Instrumentation Strategy
Auto-Instrumentation vs Manual Instrumentation
| Approach | How | Coverage | Effort | When to Use |
|---|---|---|---|---|
| Auto-instrumentation | OTel Operator Instrumentation CRD; language agents (Java agent, Node.js require hook) | HTTP, gRPC, DB, messaging — framework-level | Low (annotation per pod) | All new services; existing services without time budget |
| Manual instrumentation | OTel SDK: tracer.Start(), span.SetAttribute(), custom metrics |
Business logic, custom spans, domain metrics | High (per-operation code changes) | Business-critical paths where auto-instrumentation misses context |
| eBPF-based | Pixie, Hubble, Tetragon — kernel-level tracing | Network, syscalls, DNS, HTTP (without TLS decryption) | Zero (no code changes) | Observing workloads you cannot instrument (third-party, legacy) |
What to Instrument First
1. RED Metrics (Every Service)
Rate: requests per second
Errors: failed requests per second
Duration: request latency distribution (p50/p99)
These three metrics cover 80% of all SLO alerting.
2. USE Metrics (Every Resource)
Utilization: % time busy
Saturation: queue depth / wait time
Errors: error rate
Apply to: CPU, memory, disk I/O, network.
3. Business Metrics
Domain-specific KPIs: orders per minute, payment success rate, active users.

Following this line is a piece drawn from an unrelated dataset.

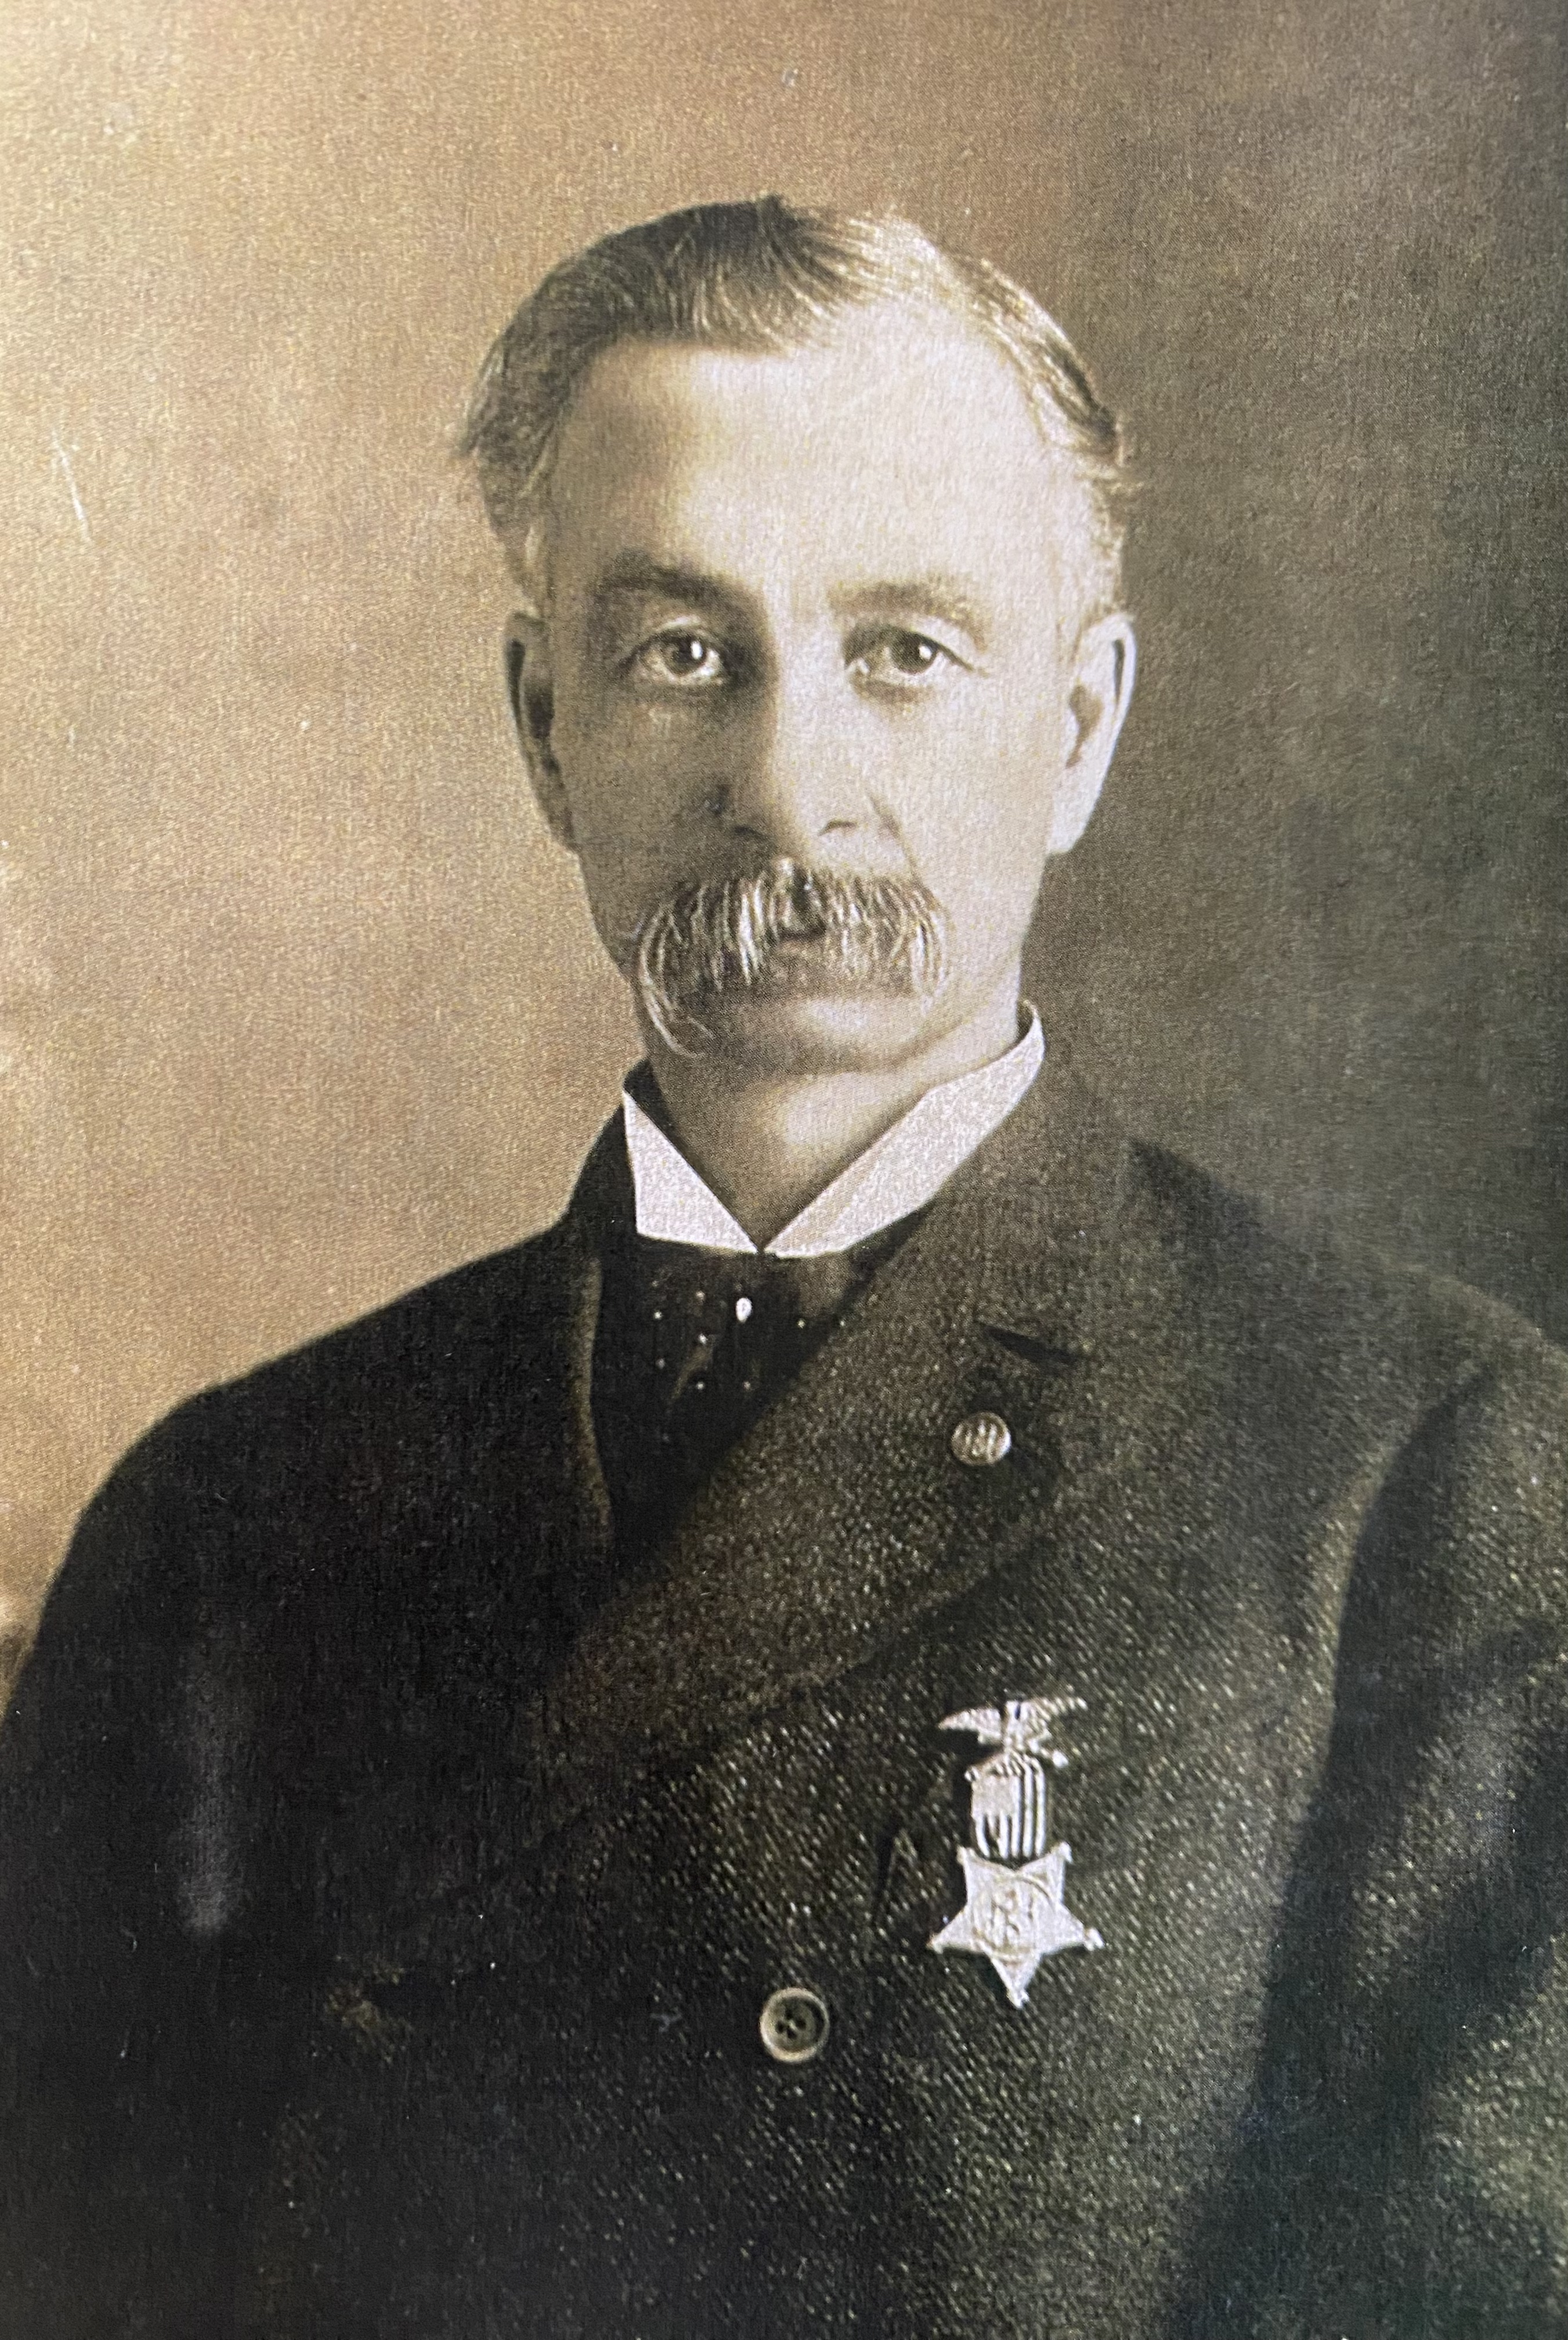 Headshot of John R. Hamilton wearing medal

These are the metrics your business cares about when SLOs are expressed in business terms.
4. Deep-Dive Traces
Add manual spans for complex multi-step business operations (checkout flow, authentication chain) where auto-instrumentation doesn't capture enough context.
SLOs, SLIs, and Error Budgets
SLOs (Service Level Objectives) transform raw metrics into business-facing reliability targets. They are the bridge between engineering observability and product/business requirements.
| Term | Definition | Example |
|---|---|---|
| SLI (Service Level Indicator) | A metric that measures reliability from the user's perspective | Percentage of requests with latency < 200ms |
| SLO (Service Level Objective) | Target value or range for an SLI over a rolling window | 99.9% of requests complete in < 200ms over 30 days |
| Error Budget | 1 - SLO = allowed failure budget per window | 0.1% of 30-day requests = ~43 min of allowed downtime |
| Burn Rate | Rate at which error budget is consumed | Burn rate 2 = consuming budget twice as fast as allowed |
| SLA (Service Level Agreement) | Contractual commitment to external customers | 99.9% uptime SLA (stricter than internal SLO) |
# Multi-window burn rate alert (Google SRE approach)
# Fires when error budget is being consumed faster than sustainable
# Short window (fast detection) + long window (sustained burn)
- alert: SLOBurnRateHigh
expr: |
(
# 1h burn rate > 14.4x (uses 2% budget in 1h at this rate)
job:slo_errors:rate1h{job="payment-svc"} / 0.001 > 14.4
) and (
# 5m burn rate > 14.4x (ensures it's sustained)
job:slo_errors:rate5m{job="payment-svc"} / 0.001 > 14.4
)
severity: page
annotations:
summary: "SLO burn rate critical — paging"
Observability Cost Management
Observability infrastructure can become one of the largest operational costs in a Kubernetes platform. Understanding the cost drivers enables targeted optimization.
Cost Drivers and Mitigations
| Driver | Impact | Mitigation |
|---|---|---|
| High-cardinality metrics | Prometheus memory/storage explosion; slow queries | Drop high-cardinality labels; use recording rules; Prometheus label limits |
| Log volume | Loki/Elasticsearch storage and ingestion cost | Log sampling for high-volume debug logs; drop noisy log lines at Fluent Bit level |
| 100% trace sampling | Trace storage scales linearly with traffic | Head-based sampling (10%); tail-based sampling (OTel Collector); always-sample errors |
| Metrics retention | Long retention = large disk; rarely queried after 90d | Tiered retention: 15d hot, 90d warm, 1y cold (Thanos object storage) |
| Prometheus cardinality per pod | Each pod restart adds new time series | kube-state-metrics: limit label cardinality; drop pod-hash labels |
The most common Prometheus operational crisis. Adding a high-cardinality label (user ID, request ID, session ID) to a metric multiplies series count by the label's cardinality. A metric with 1,000 time series becomes 1,000,000 time series if you add a user_id label with 1,000 users. This causes OOM kills on the Prometheus pod. See Metrics & Prometheus for cardinality management techniques.